By Dr. Michael P. Byron

Most Americans don’t know it but Thomas Jefferson, along with James Madison worked assiduously to have an 11th Amendment included into our nation’s original Bill of Rights. This proposed Amendment would have prohibited “monopolies in commerce.” The amendment would have made it illegal for corporations to own other corporations, or to give money to politicians, or to otherwise try to influence elections. Corporations would be chartered by the states for the primary purpose of “serving the public good.” Corporations would possess the legal status not of natural persons but rather of “artificial persons.” This means that they would have only those legal attributes which the state saw fit to grant to them. They would NOT; and indeed could NOT possess the same bundle of rights which actual flesh and blood persons enjoy. Under this proposed amendment neither the 14th Amendment of the US Constitution, nor any provision of that document would protect the artificial entities known of as corporations.

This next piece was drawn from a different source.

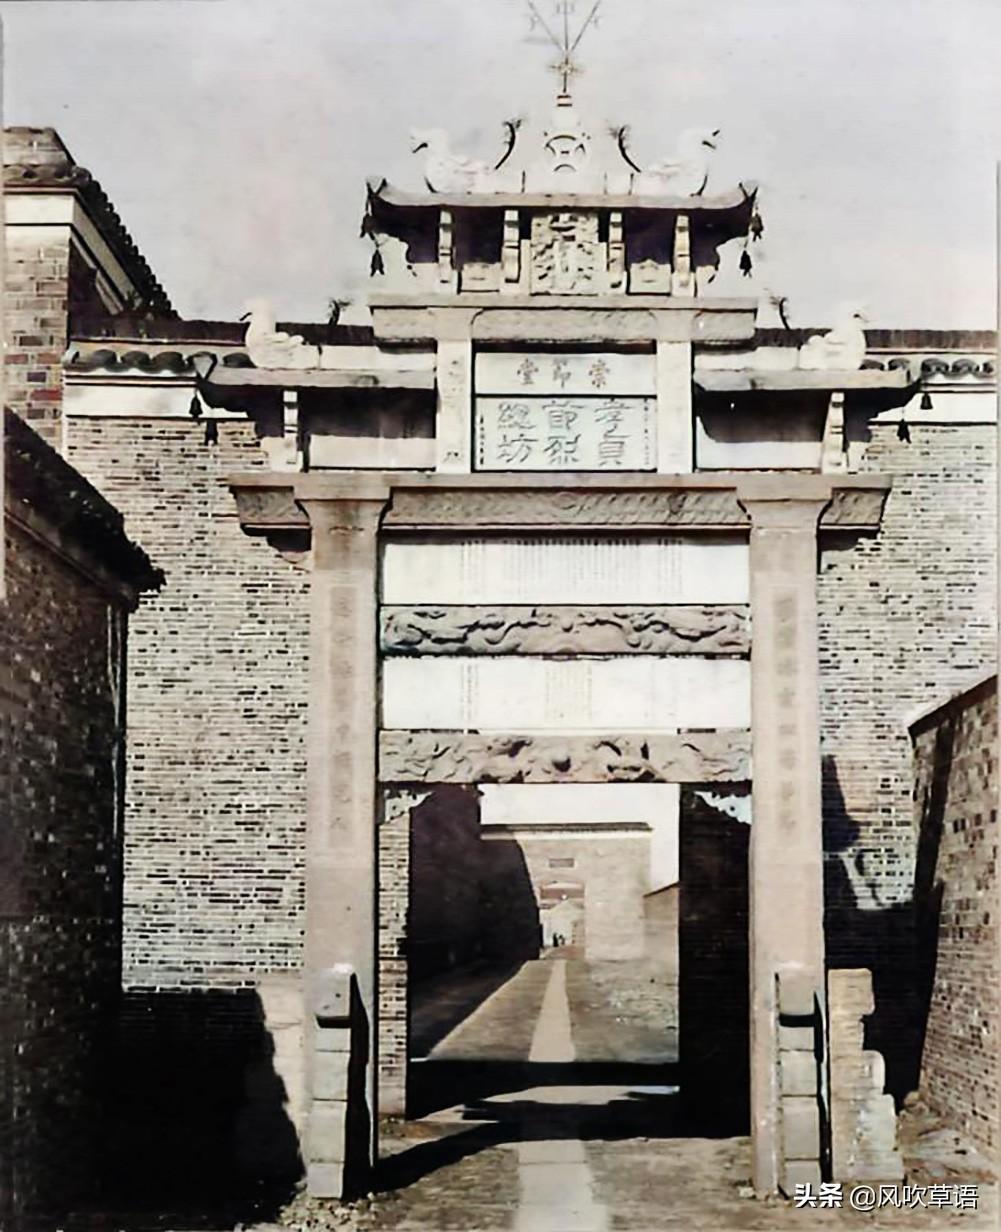 100年前的江蘇揚州,一座比江南更有江南韻味的城市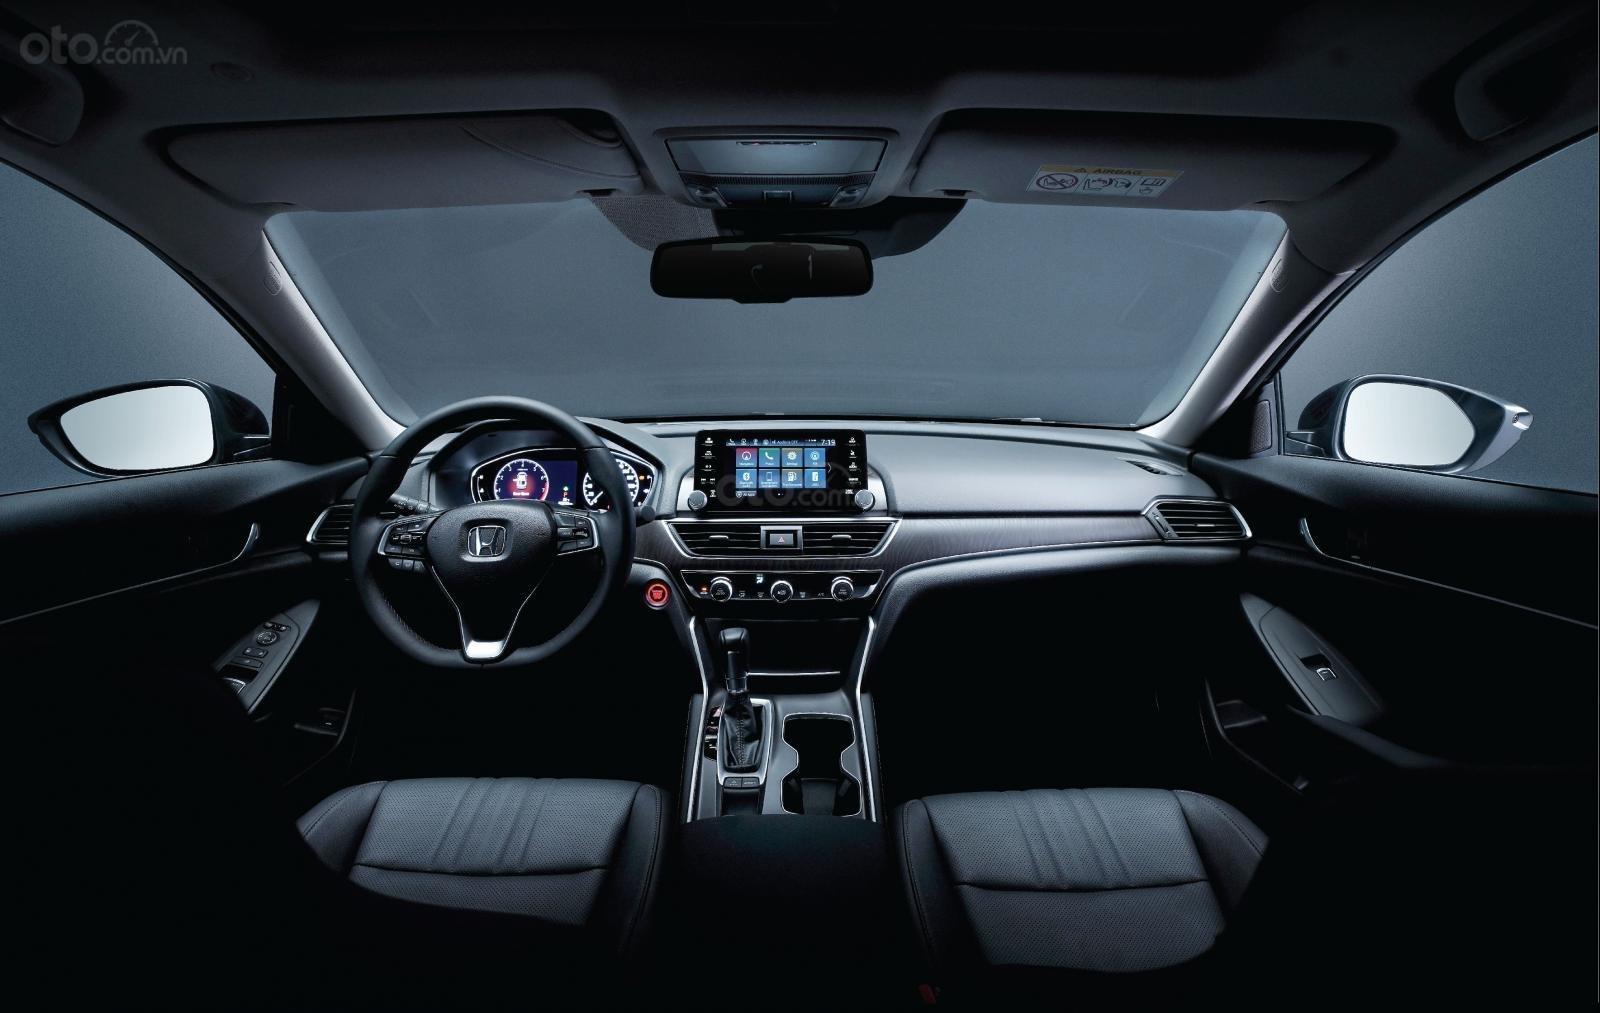 Honda Accord 2020 đủ màu, giao ngay, giảm tiền mặt khủng, hỗ trợ thuế trước bạ, nhận xe chỉ với 390tr (7)

Jefferson and Madison were so insistent upon this amendment because the American Revolution was in substantial degree a revolt against the domination of colonial economic and political life by the greatest multinational corporation of its age: the British East India Company. After all who do you think owned the tea which Sam Adams and friends dumped overboard in Boston Harbor? Who was responsible for the taxes on commodities and restrictions on trade by the American colonists? It was the British East India Company, of course. In the end the amendment was not adopted because a majority in the first Congress believed that already existing state laws governing corporations were adequate for constraining corporate power. Jefferson worried about the growing influence of corporate power until his dying day in 1826. Even the more conservative founder John Adams came to harbor deep misgivings about unchecked corporate power.

A few years after Jefferson’s unsuccessful attempt to incorporate this amendment into the Bill of Rights, the fourth Chief Justice of the US Supreme Court, John Marshall, unilaterally asserted the Court’s right to judicial review in the seminal case of Marbury v. Madison in 1803. In practice this meant that the Supreme Court would have sole and unchecked power to determine what the Constitution meant. Jefferson was aghast. His fear lay in the knowledge that an unelected branch of government, one which is not subject to the will of the citizens, and is effectively immune from check by the two elected branches of government (Only one Supreme Court Justice has ever been impeached—none have ever been convicted and removed) was now solely responsible for determining the meaning of the Constitution. The meaning of the Constitution, and hence the very nature of our political system, was now in the hands of an unelected and effectively uncontrollable body. “The Constitution has become a thing of wax to be molded as the Court sees fit” Jefferson lamented.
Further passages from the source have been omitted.